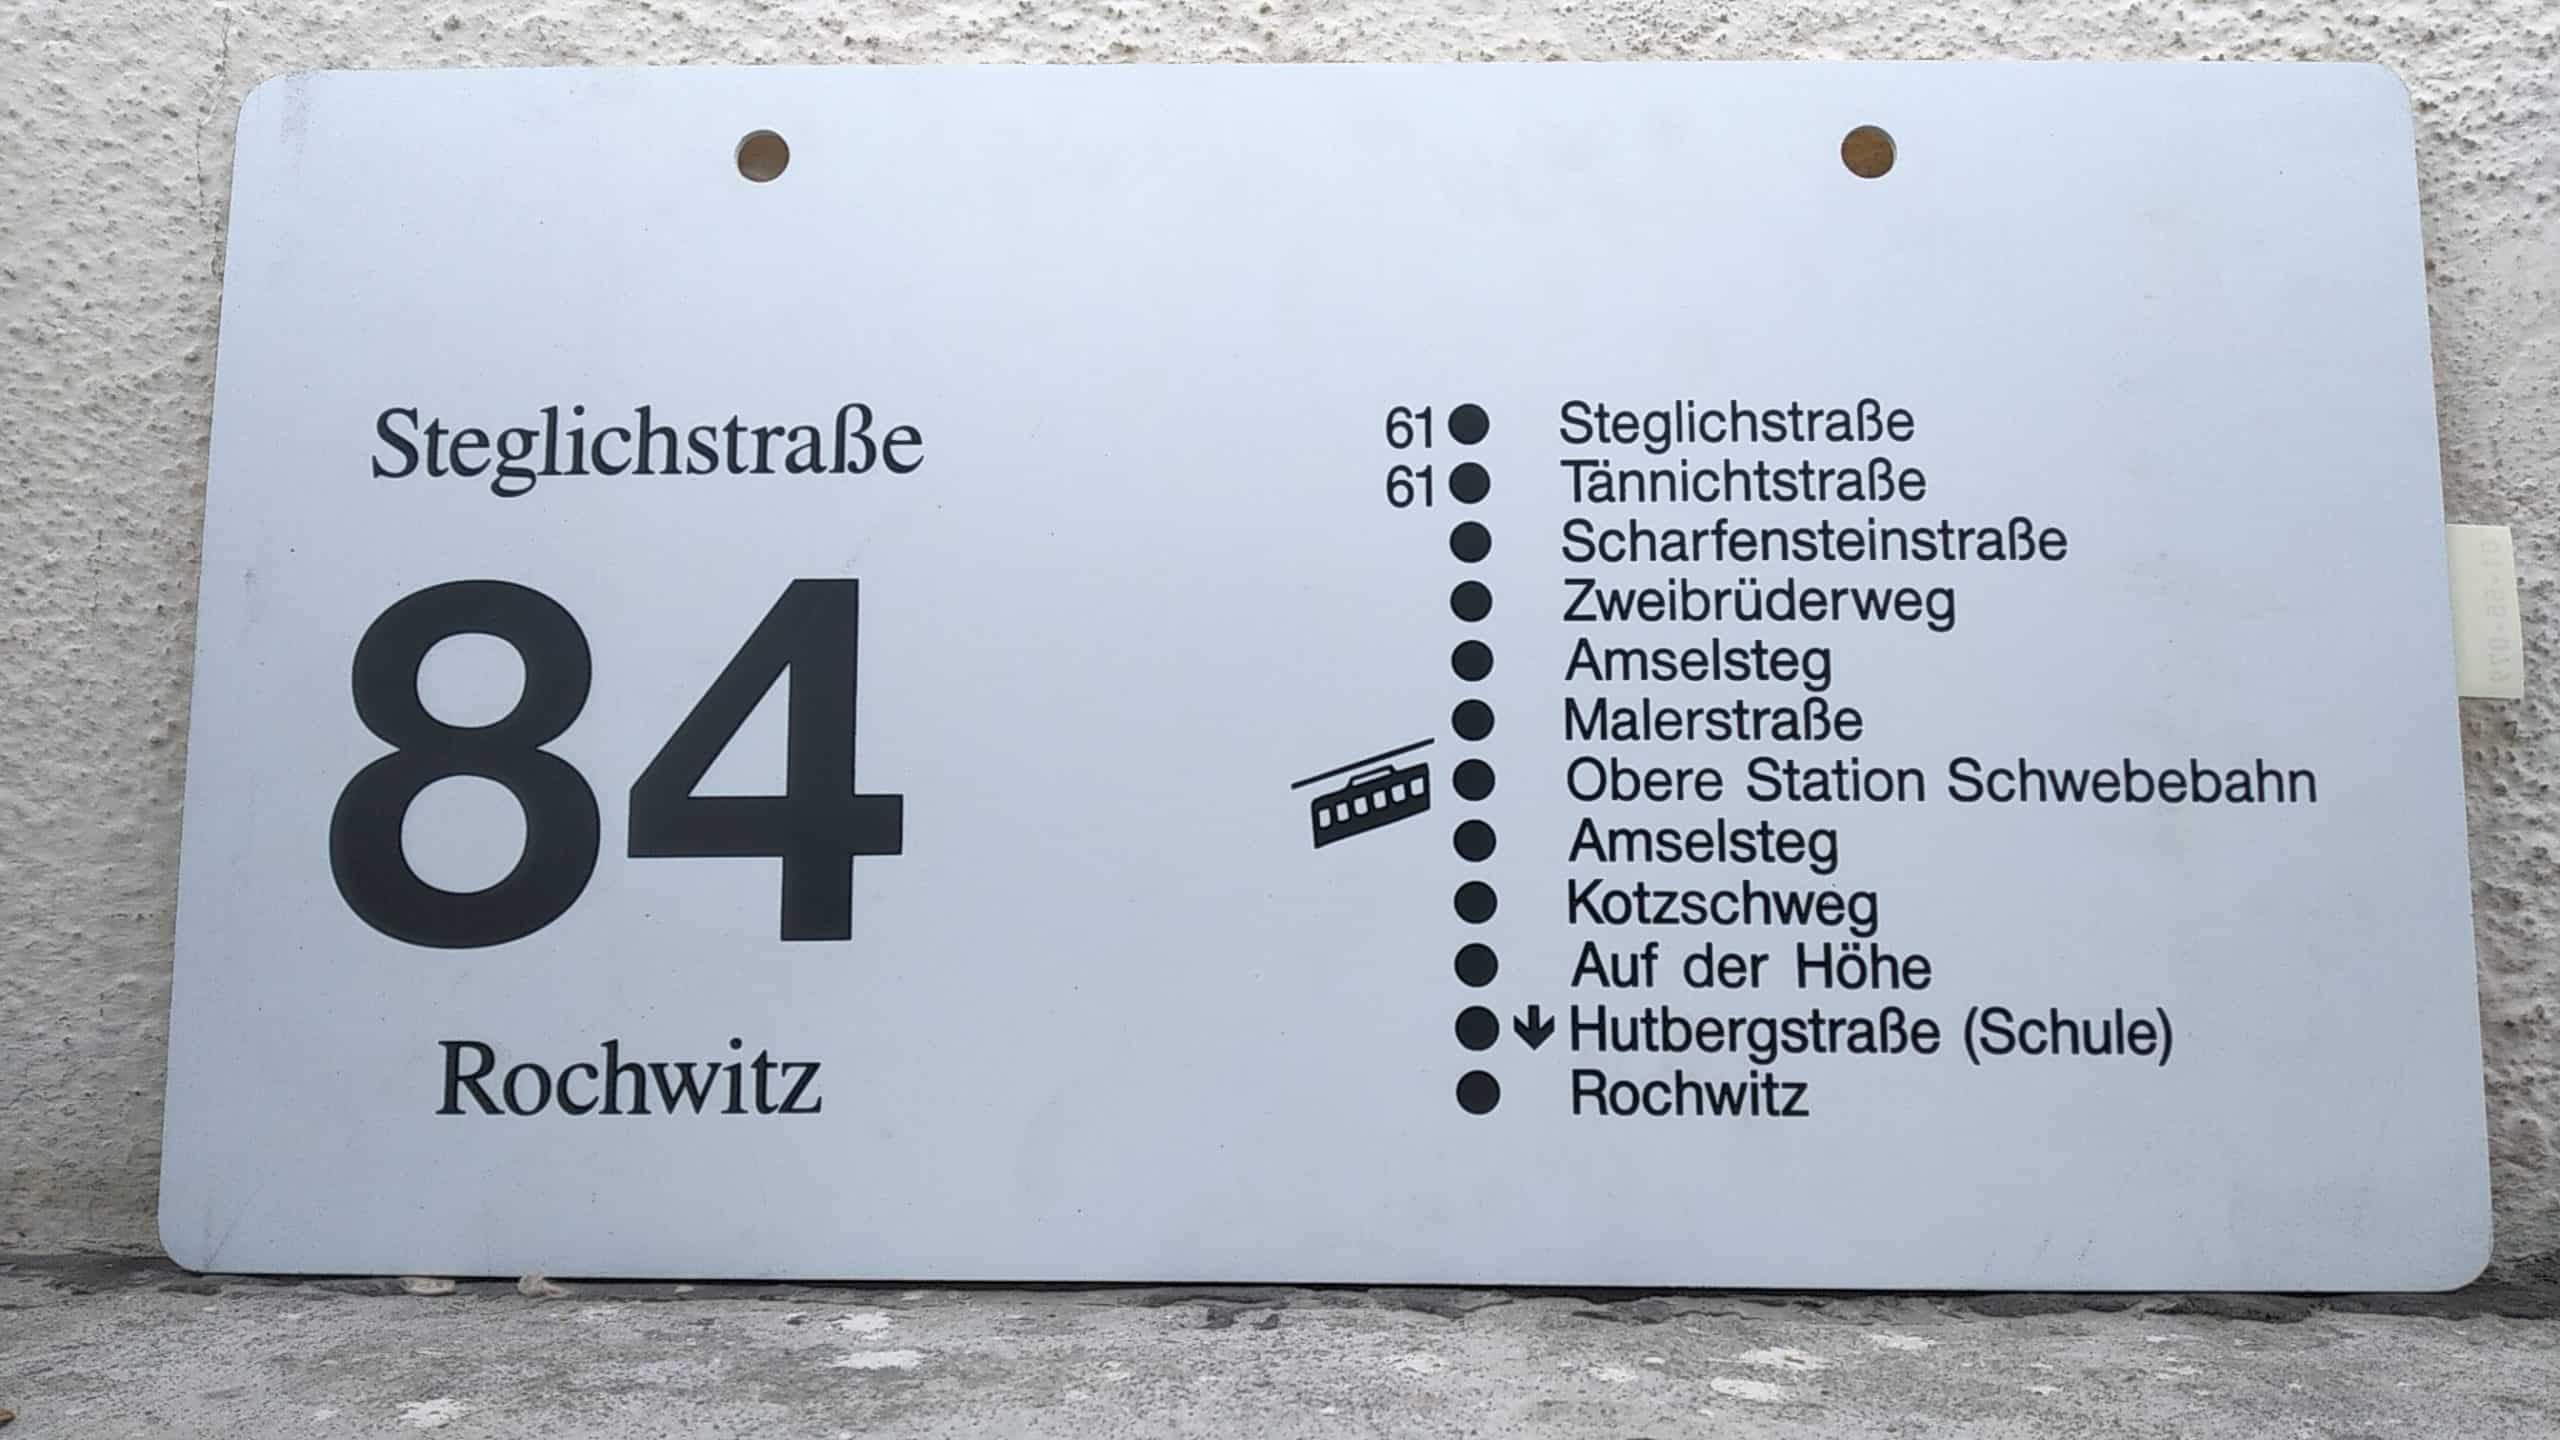 Ein seltenes Bus-Linienschild aus Dresden der Linie 84 von Steglichstraße nach Rochwitz #2
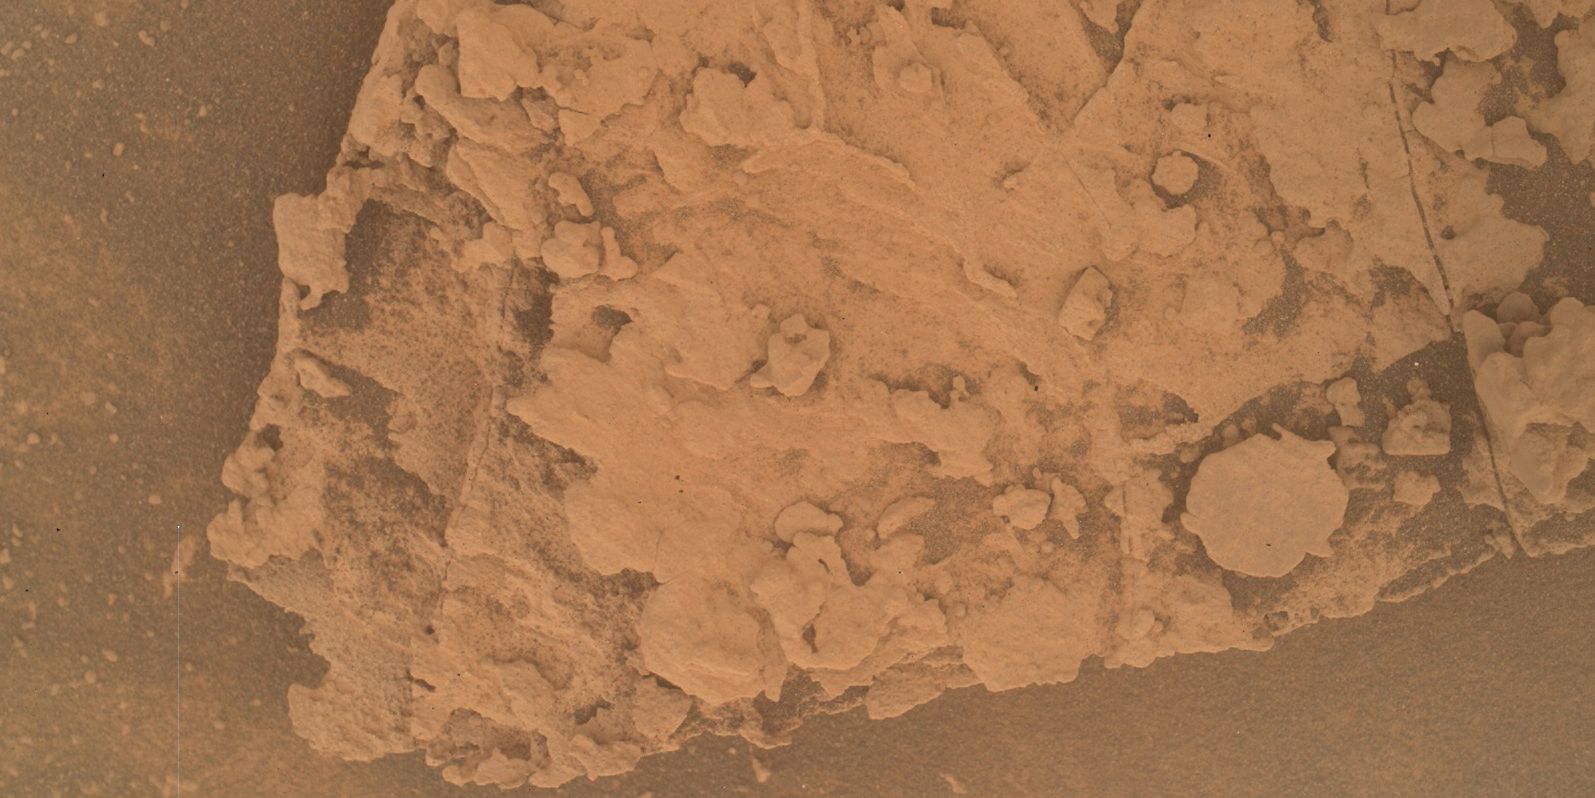 El rover de la NASA comparte fotos súper detalladas de la fascinante superficie de Marte
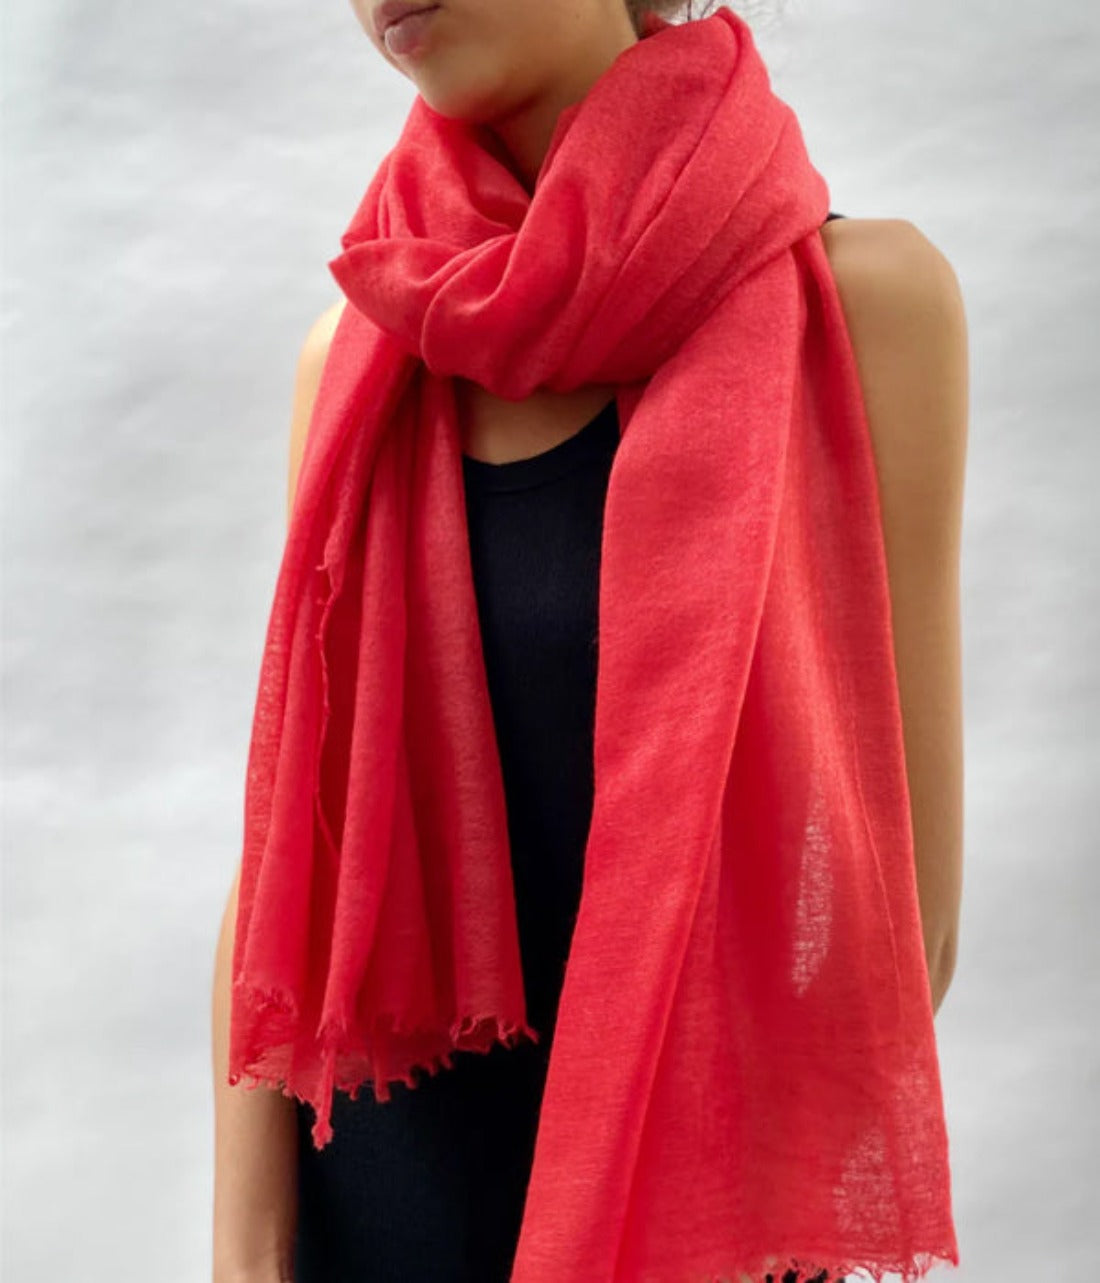 marmee lust 2 red scarf
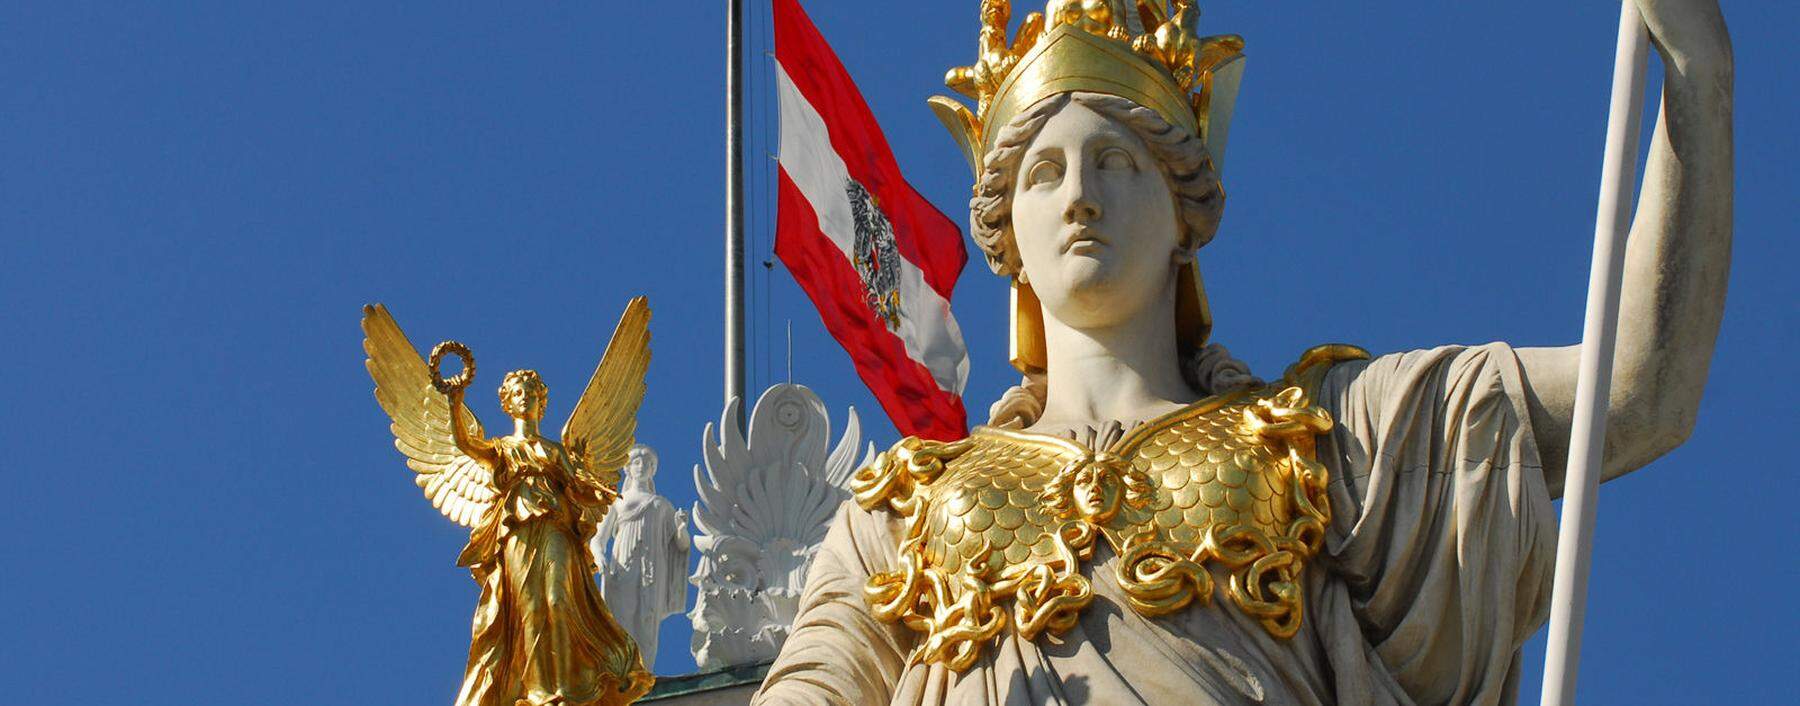 Wir-Bewusstsein und nationale Identität der Österreicher. Im Bild Symbole der Republik.
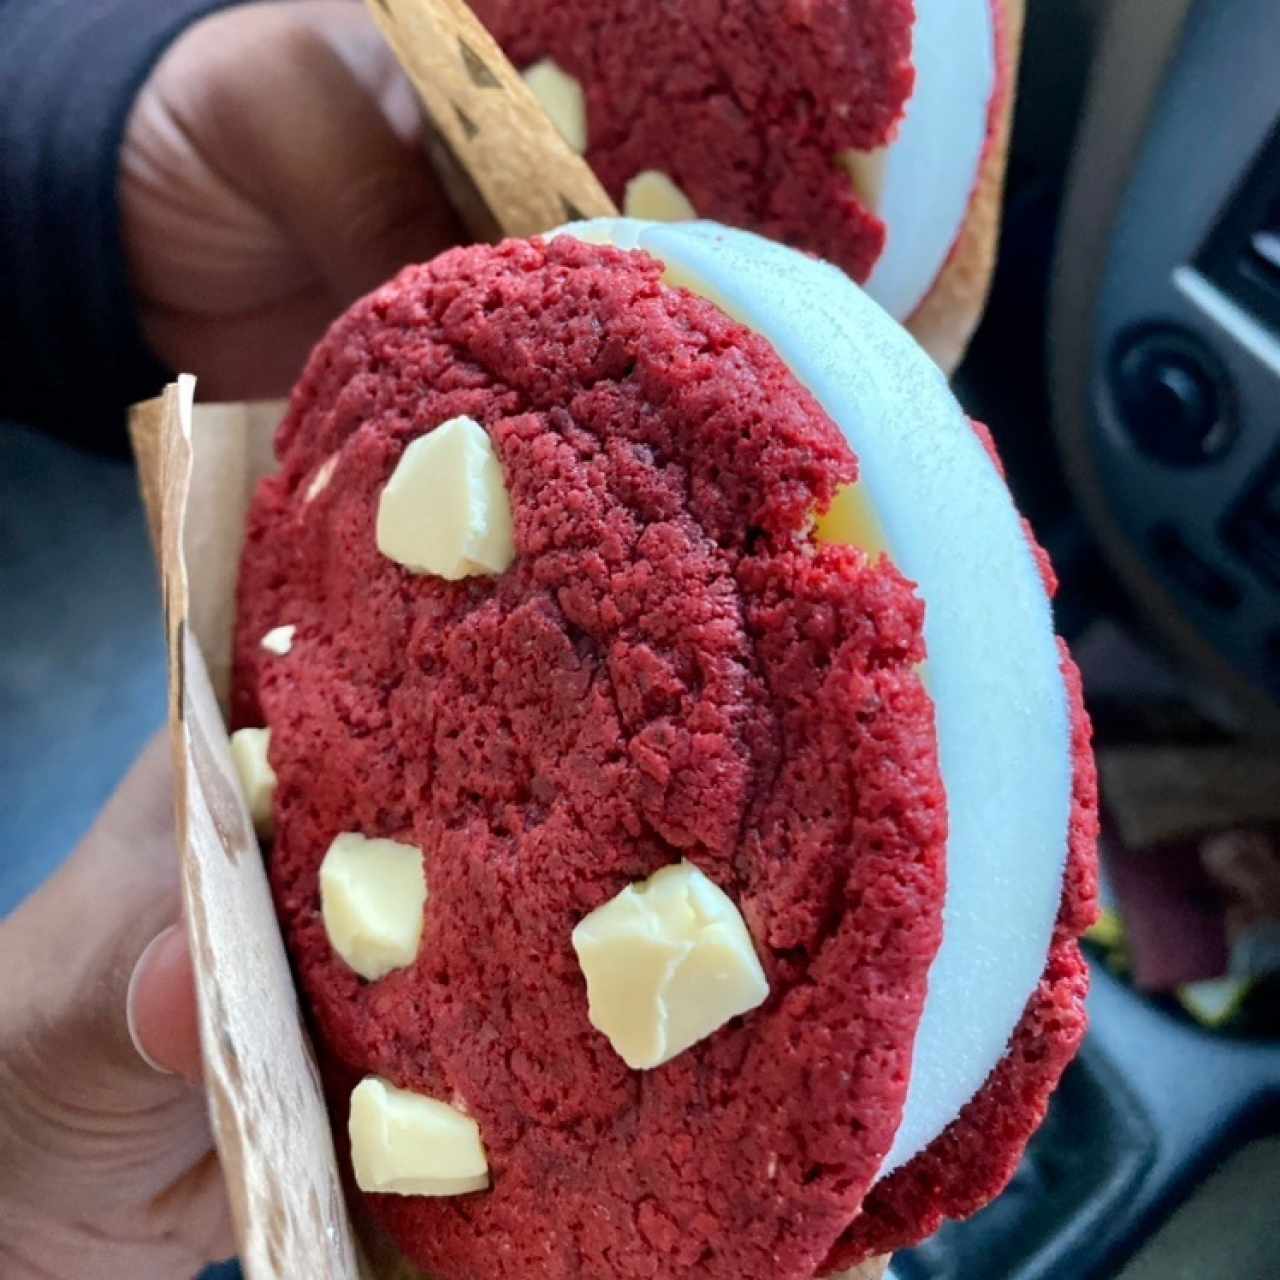 Red velvet ice cream sandwich
——————————
▶ Problem details
Exactly as written above, print every record, and keep the pictures out.

▶ Result of this task
 Ein seltenes Bus-Linienschild aus Dresden der Linie 84 von Steglichstraße nach Rochwitz #2
 El rover de la NASA comparte fotos súper detalladas de la fascinante superficie de Marte
 marmee lust 2 red scarf
 Wir-Bewusstsein und nationale Identität der Österreicher. Im Bild Symbole der Republik.
 Red velvet ice cream sandwich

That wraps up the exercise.